Tag Archives: increase

Student Activity Fee to Increase in 2011-12

The ASUSF Senate, the governing body of the undergraduate students at USF, allocates the money collected by the Student Activity Fee every semester. This funding currently supports significant aspects of student life such as iconic student events like CAB’s FallFest Concert, Kasamahan’s Barrio, International Student Association’s Culturescape, Hui ‘O Hawai’i Lu’au and more. This also enables speakers and food at student events, travel for clubs and organizations, publications such as the student newspaper, equipment for student media/TV, student employment opportunities, and so on.

Last month, ASUSF Senate passed a resolution to place a referendum on the ballot to increase the student activity fee by $20/semester, bringing the total fee to $102/semester. This referendum will be placed on the ballot next week during ASUSF Senate elections (April 11-14).

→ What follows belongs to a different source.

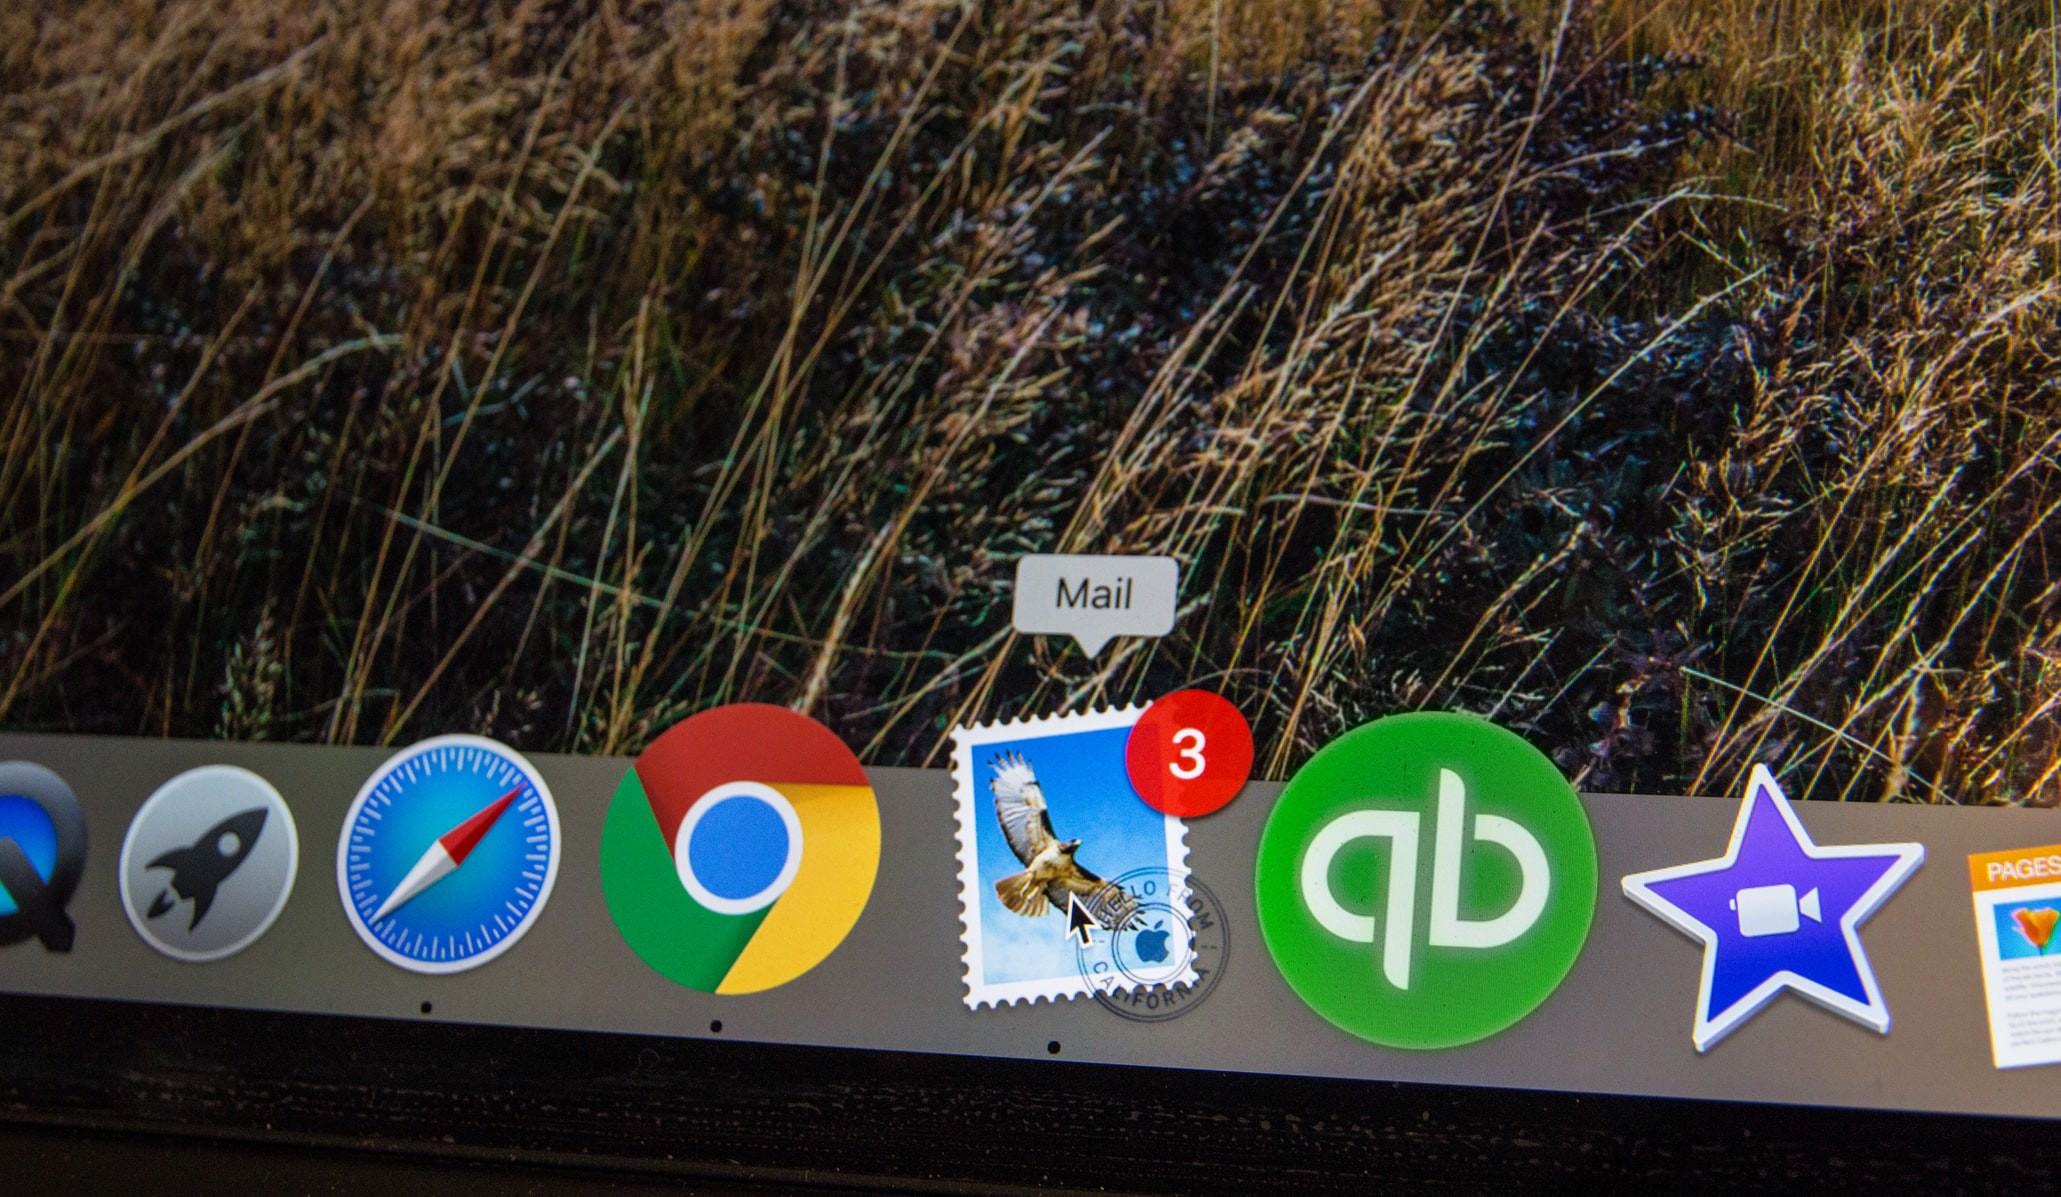 Studie: Bei über 70% aller Email-Attacken sind Trojaner im Spiel

ASUSF Senate feels the need to increase the student activity fee due to a deficit in funding opportunities for clubs and organizations, student initiatives, and student events.  These include expansion of the fraternity and sorority community, increasing school spirit via Los Locos and Campus Traditions, and continuing to provide an outlet for more student involvement. In addition, campus operational costs continue to increase while the student activity fee has not changed for six years and is lower than our sister Jesuit schools (average of $120/semester). This year alone, student organizations requested $200,000 more than the student activity fee could support. This new funding is needed to support student proposals for events that would otherwise be denied and have no other funding source at USF.

If students want to have their voice heard on this matter, they need to vote in next weeks elections by going to eballot3.votenet.com or by visiting any of the polling stations hosted by the Electoral Governing Board (EGB) on campus. Questions about the referendum can be addressed to senate@usfca.edu.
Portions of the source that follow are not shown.